Data entries:
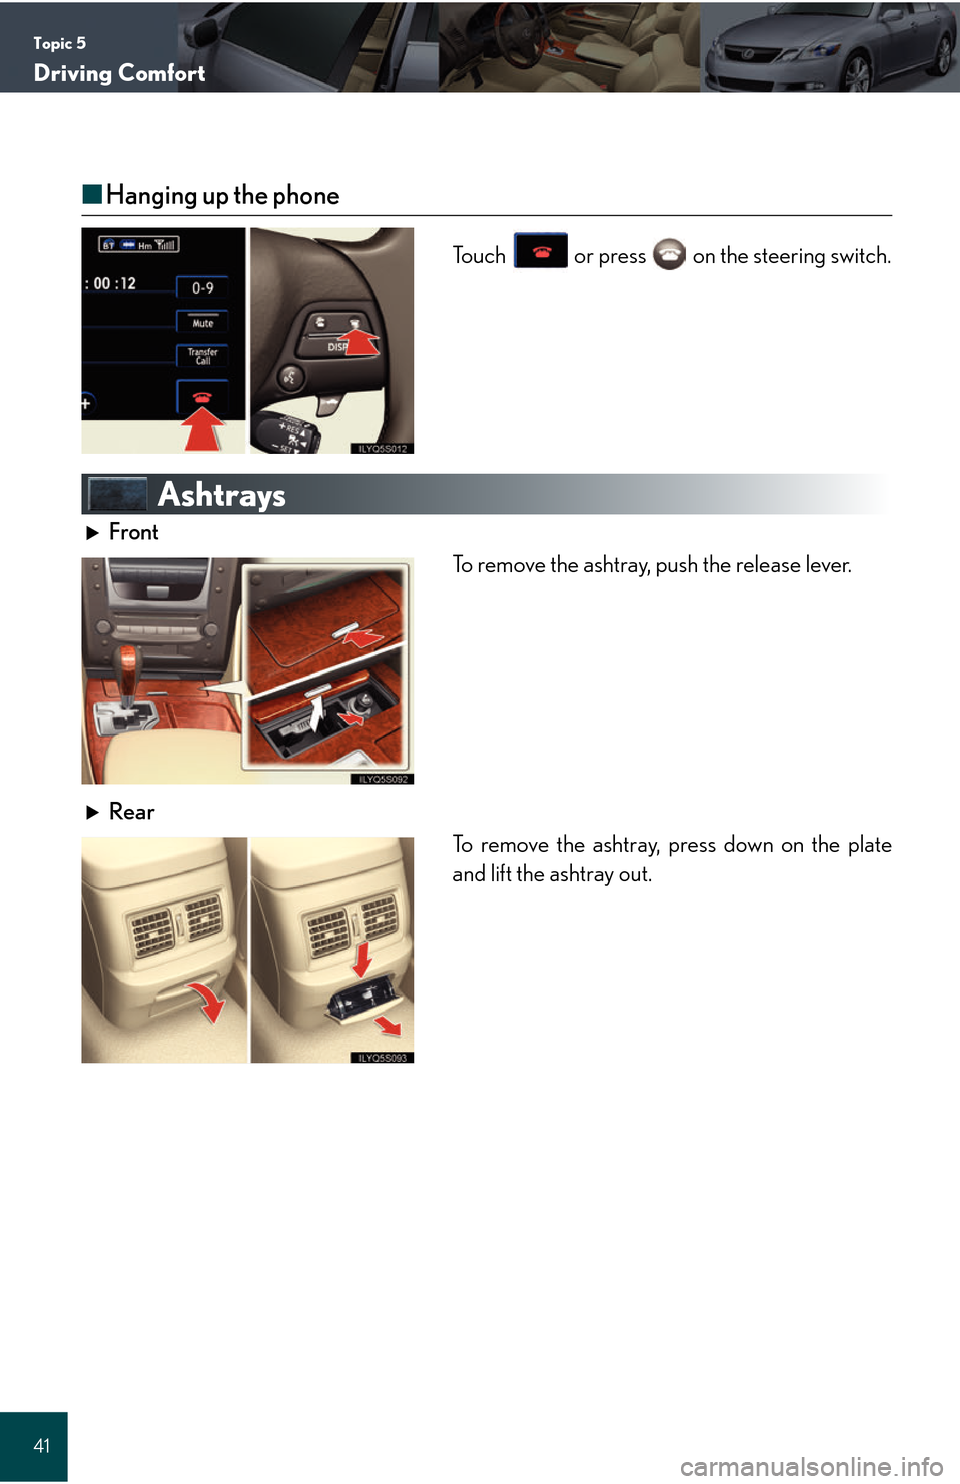 Lexus GS450h 2008  Scheduled Maintenace Guide / LEXUS 2008 GS450H QUICK GUIDE  (OM30B13U) Service Manual Topic 5
Driving Comfort
41
■Hanging up the phone
Touch   or press   on the steering switch.
Ashtrays
Front
To remove the ashtray, push the release lever.
Rear To remove the ashtray, press down on th

Exercise: You are asked to output the records precisely as they appear, minus any pictures.

Solved exercise:
 Lexus GS450h 2008  Scheduled Maintenace Guide / LEXUS 2008 GS450H QUICK GUIDE  (OM30B13U) Service Manual Topic 5
Driving Comfort
41
■Hanging up the phone
Touch   or press   on the steering switch.
Ashtrays
Front
To remove the ashtray, push the release lever.
Rear To remove the ashtray, press down on th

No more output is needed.